- Directed by: Jack Conway
- Screenplay by: Frank Davis
- Based on: Order, Please 1934 play by Edward Childs Carpenter Sorry You've Been Troubled 1929 play by Walter Hackett
- Produced by: Bernard H. Hyman
- Starring: Franchot Tone Una Merkel Conrad Nagel Harvey Stephens Steffi Duna Charles Starrett
- Cinematography: Oliver T. Marsh
- Edited by: Tom Held
- Production company: Metro-Goldwyn-Mayer
- Distributed by: Loew's Inc.
- Release date: March 3, 1935;
- Running time: 71 minutes
- Country: United States
- Language: English

= One New York Night =

1935 American comedy film directed by Jack Conway

One New York Night (also released as The Trunk Mystery) is a 1935 American comedy film directed by Jack Conway and written by Frank Davis. The film stars Franchot Tone, Una Merkel, Conrad Nagel, Harvey Stephens, Steffi Duna and Charles Starrett. The film was released on March 3, 1935, by Metro-Goldwyn-Mayer. It was based on the West End play Sorry You've Been Troubled by Walter Hackett, which had previously been made into the 1932 British film Life Goes On.

==Plot==
Foxhall Ridgeway, a cattle rancher from Wyoming, checks into a New York City hotel, determined to find a wife. Instead he finds a dead body in the room next to his. Meanwhile Countess Broussiloff has asked her friend Phoebe, a switchboard operator at the hotel, to find her bracelet. She lost it in the dead man's room. Foxhall tries to get the hotel manager to call the police, only the body has disappeared. So has the bracelet.
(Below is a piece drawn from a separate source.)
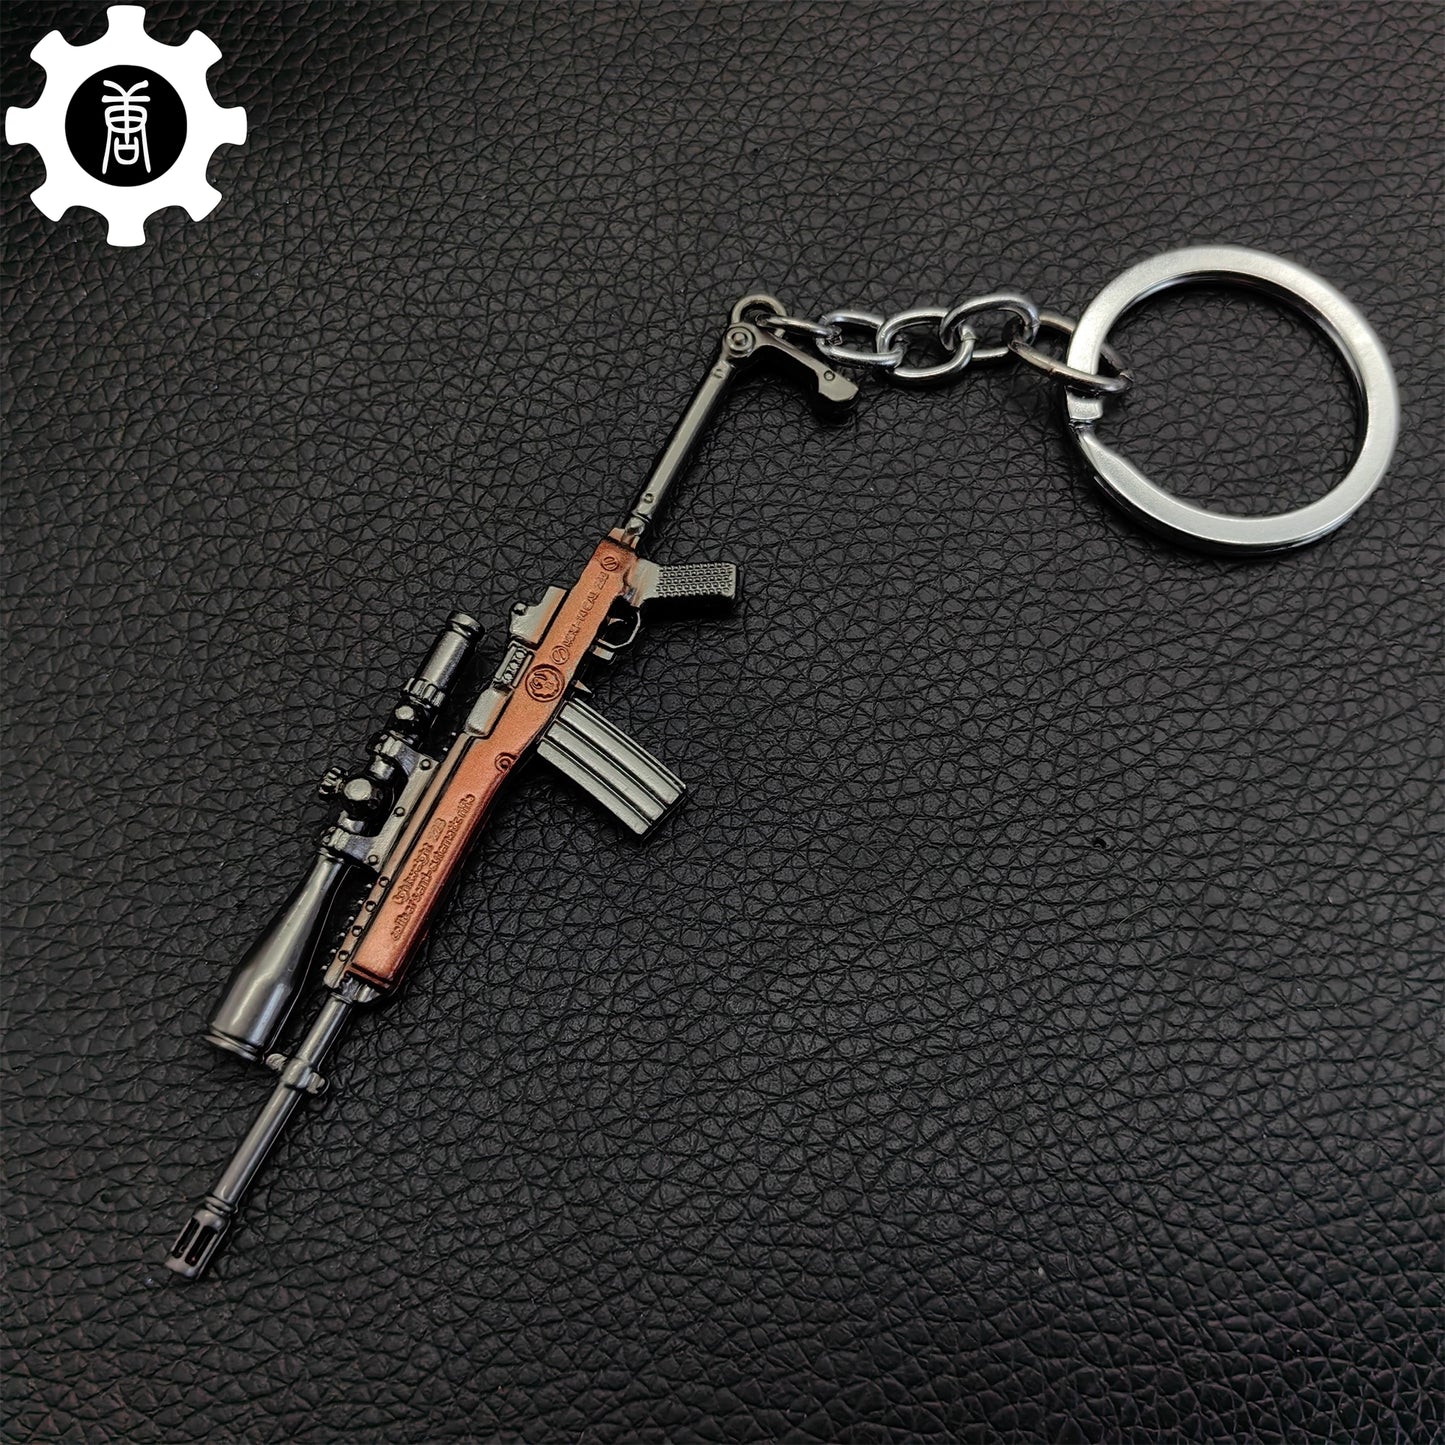 Tiny Mini 14 Sniper Rifle Metal Keychain
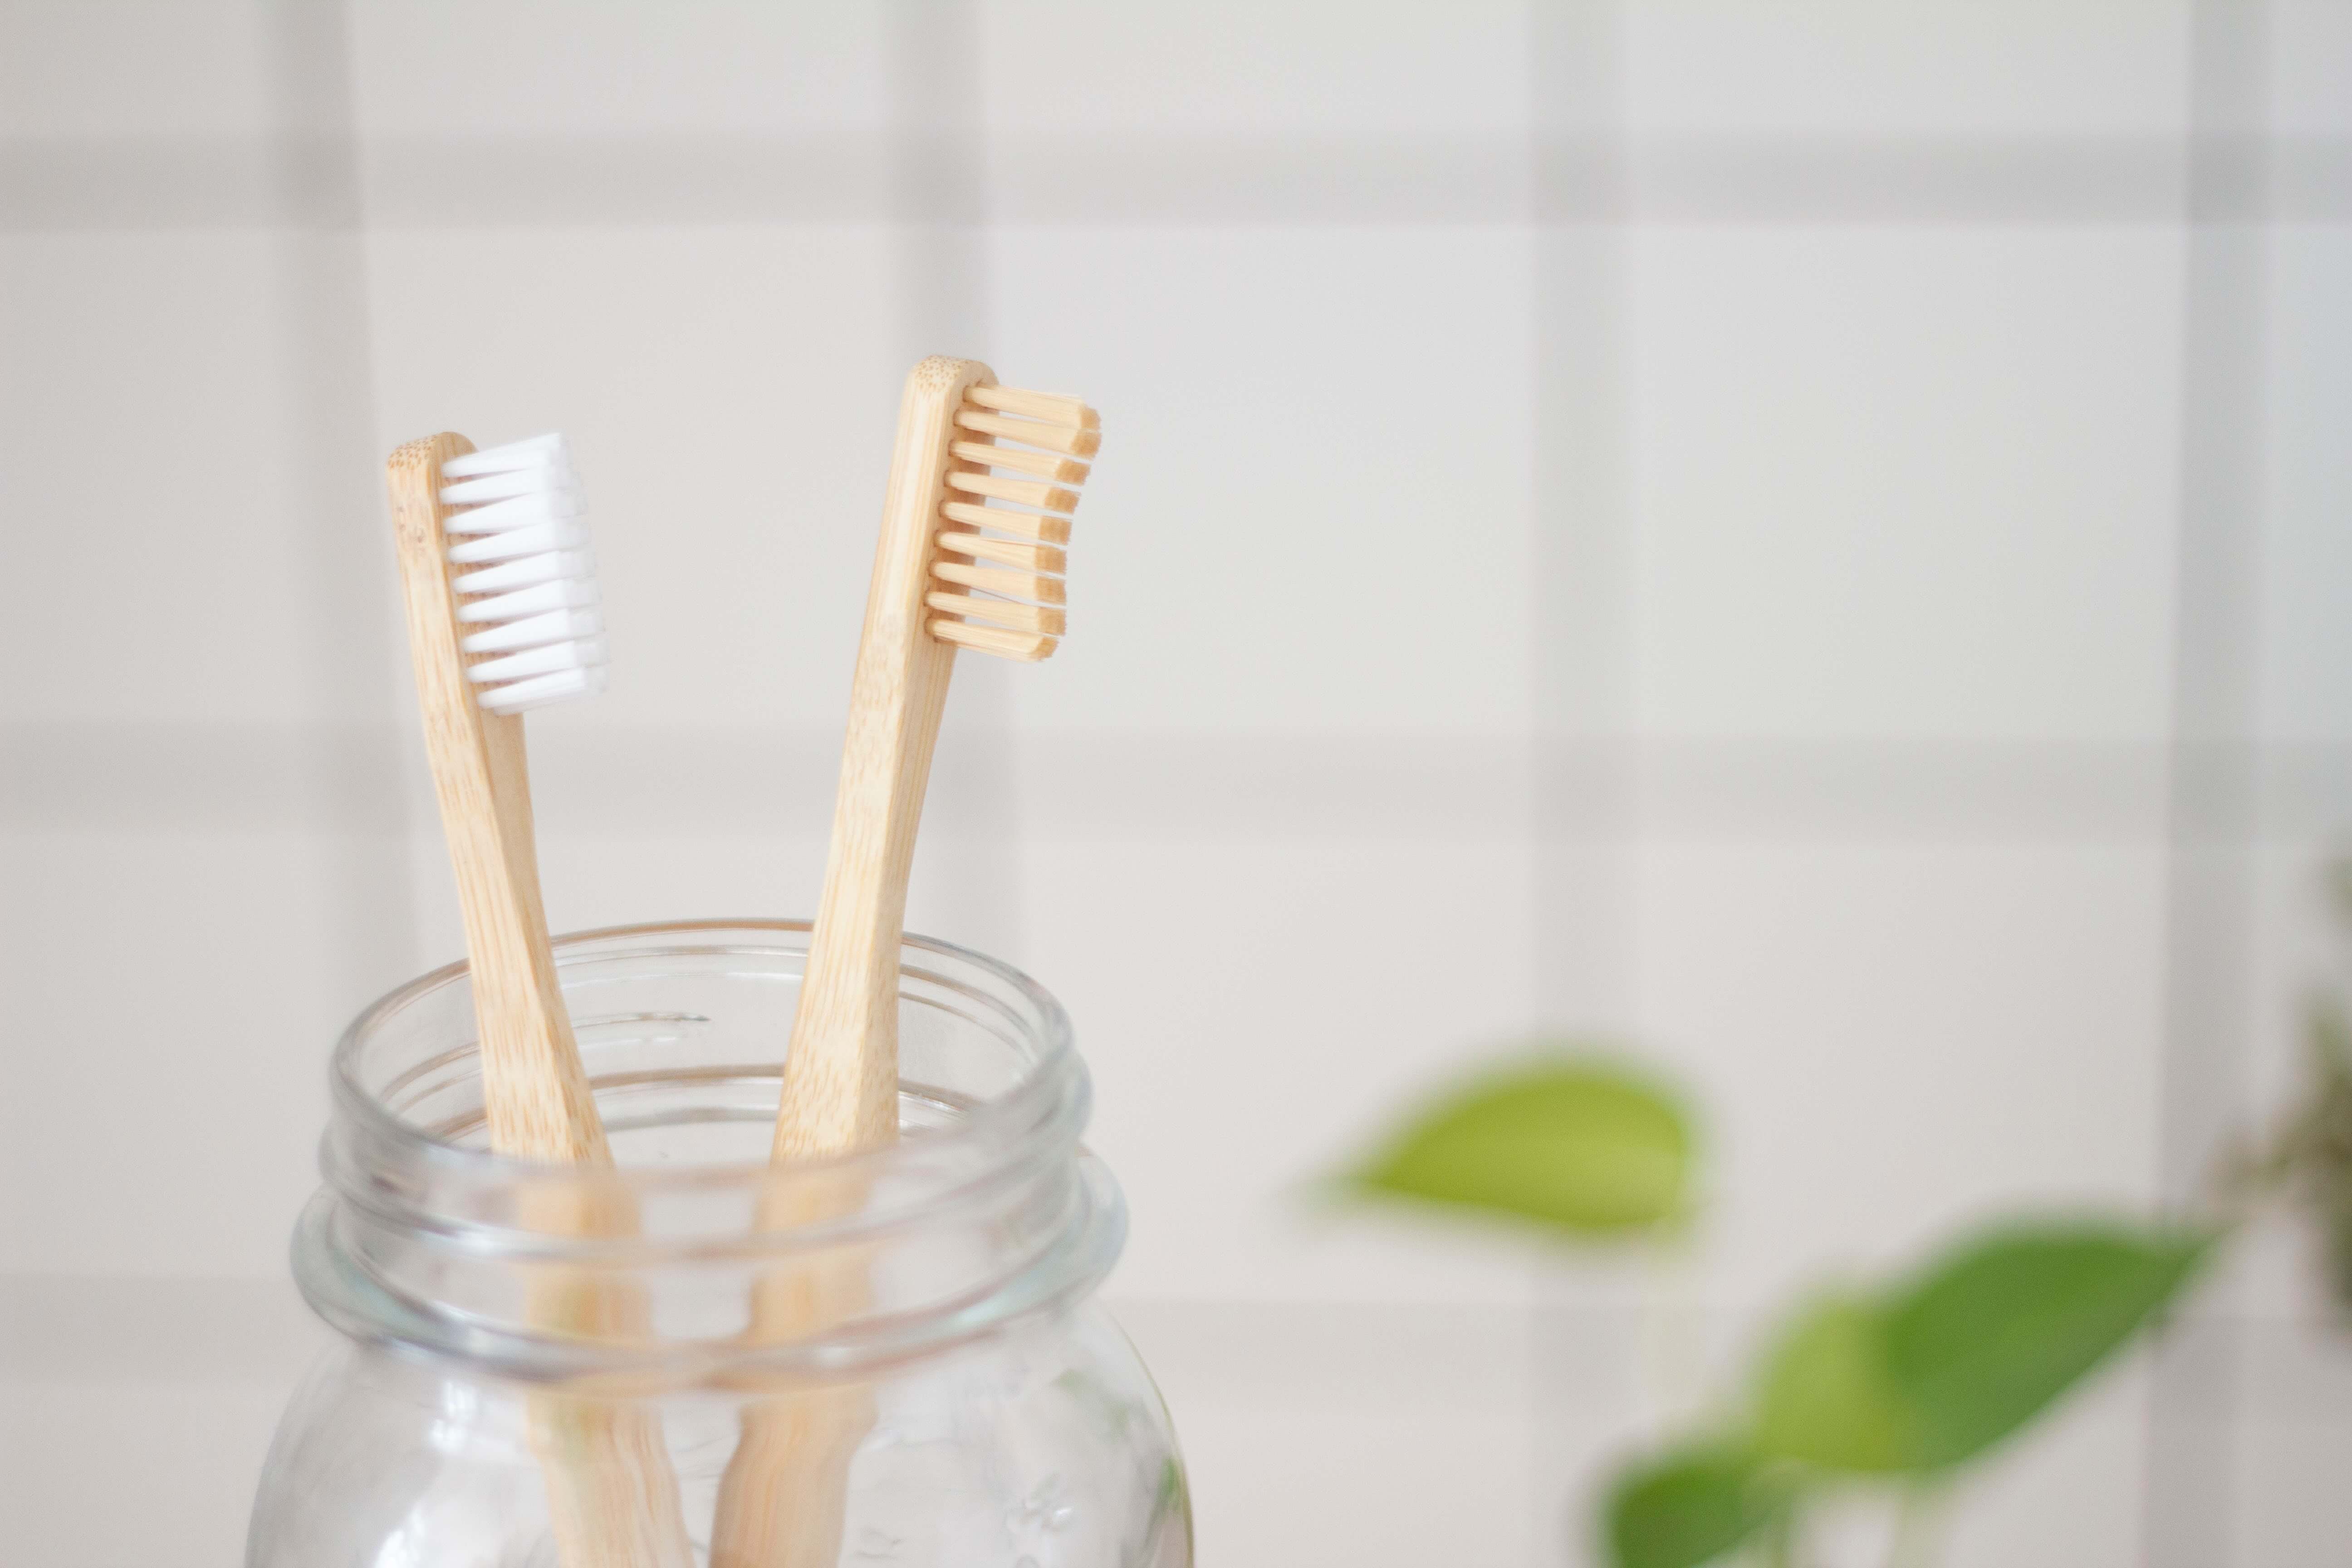 Featured image for “Borsta tänder på bebis med bra tandborste”

Foxhall and Phoebe team up to find the bracelet for the Countess.

== Cast ==
- Franchot Tone as Foxhall Ridgeway
- Una Merkel as Phoebe
- Conrad Nagel as Kent
- Harvey Stephens as Collis
- Steffi Duna as Countess Louise Broussiloff
- Charles Starrett as George Sheridan
- Louise Henry as Ermine
- Tom Dugan as Selby
- Harold Huber as Blake
- Henry Kolker as Arthur Carlisle

==Reception==
Writing for The Spectator, Graham Greene praised the film as "a comedy of astonishing intelligence and finish". Greene emphasized the "witty dialogue, [and] the quick intelligent acting" of Tone and Merkel, commenting that the film felt "[bathed] in an atmosphere fantastic, daring and pleasantly heartless".